Technology and innovation lend visibility to heronry survey

With special consent from Natural England, Assistant Warden Mischa Cross explains how specialist equipment was used with careful planning to accurately survey nesting Grey Herons at Pitsford.

In early May 2017, the heronry at Pitsford Reservoir Nature Reserve was surveyed using a drone to see if a more accurate count of nests could be established with this method, rather than counting from on the ground. The trial proved very successful with 14 nests counted from the drone footage, compared with 10 nests counted from the ground.

Aerial footage of Pitsford Water Nature Reserve Heronry using a drone, May 2017. The nests are clearly visible and can easily be counted from the photographs.
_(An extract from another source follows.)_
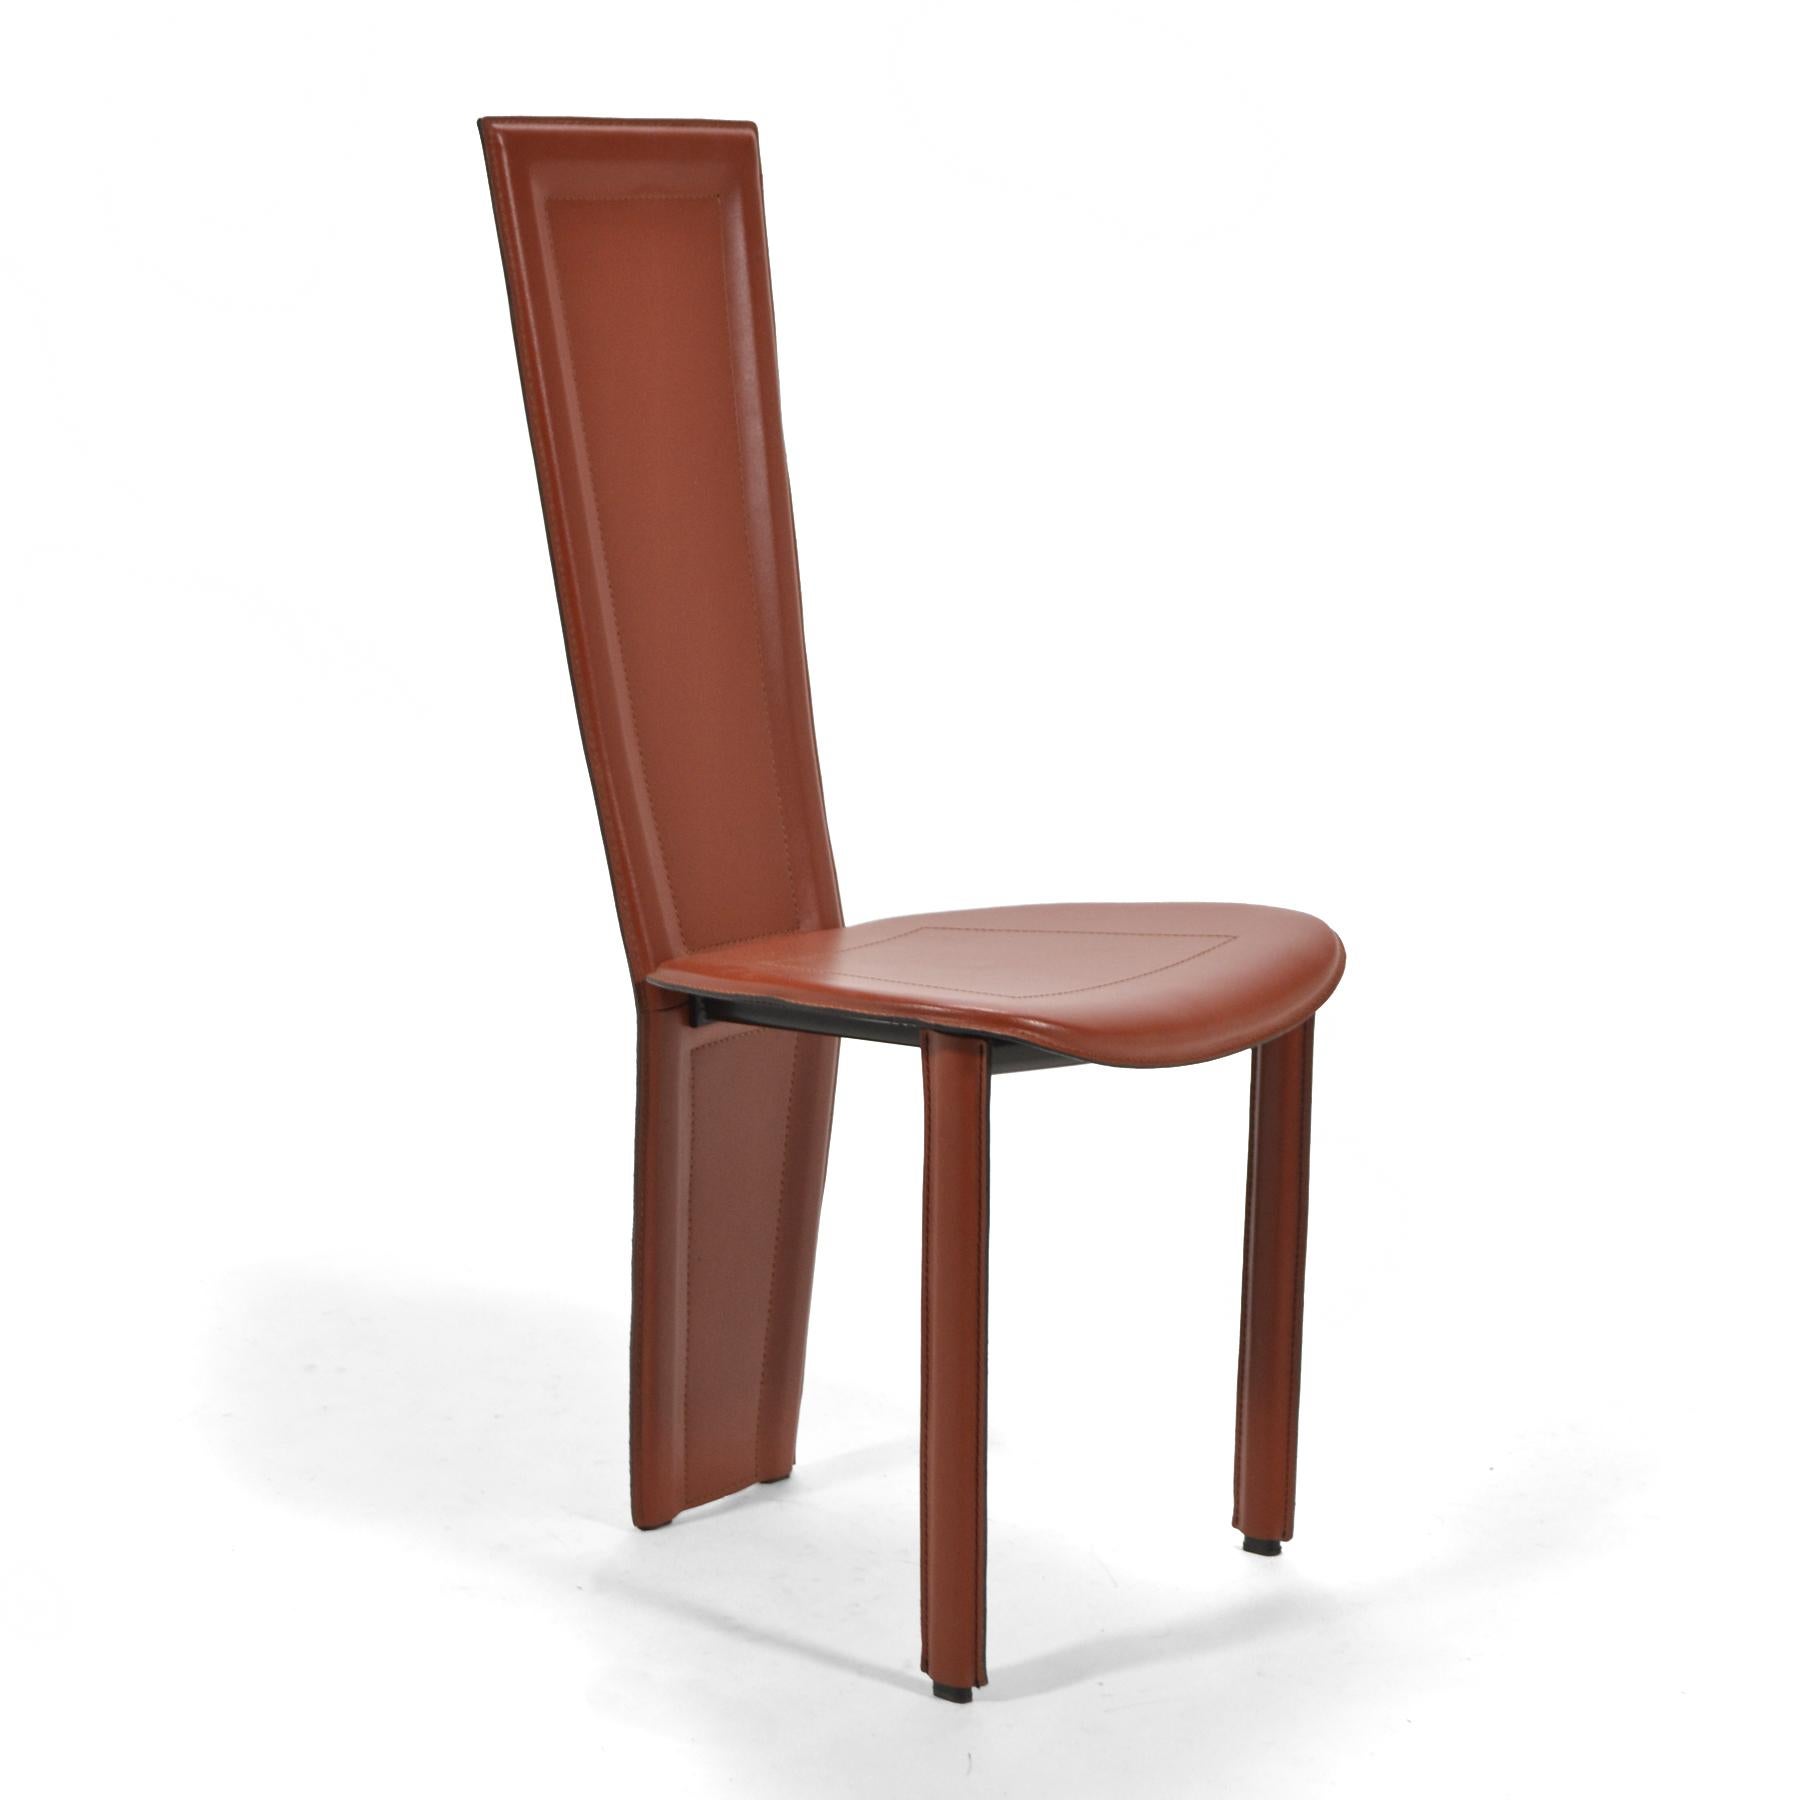 Italian high-style post-modern design, these eight sienna colored leather chairs are elegant and uncommon. Possibly designed by Pietro Costantini, the chairs share qualities with designs by Frank Lloyd Wright and Mario Bellini. The chairs have steel

Young birds can be seen on the nests.

The survey was timed so that the eggs had hatched. This meant adult birds would not be sitting on the nests incubating eggs, as they may be inclined to leave the nest, risking damage or chilling of the eggs. One flight was sufficient to get the required footage and it lasted no longer than 10 minutes. The drone used was a DJI Phantom Vision 2+ v.3, which can fly up to a maximum height of 300ft. For this survey the height was set at 200ft so better quality images could be captured in an attempt to see if egrets were also using the area. It was hoped to get video footage but unfortunately this was unavailable on the day of the survey. The drone was piloted by fully qualified, CAA approved and insured pilot, Josh Hellon. The pilot was always in full manual control of the UAV/drone and it has a failsafe that returns it to the take-off point if there are any problems.

Observations were made from the ground while the drone was in the air to see how the birds in the area reacted to the presence of the drone. No obvious signs of disturbance were witnessed. As the eggs were hatched, the adult birds are likely to have been away from the nest collecting food.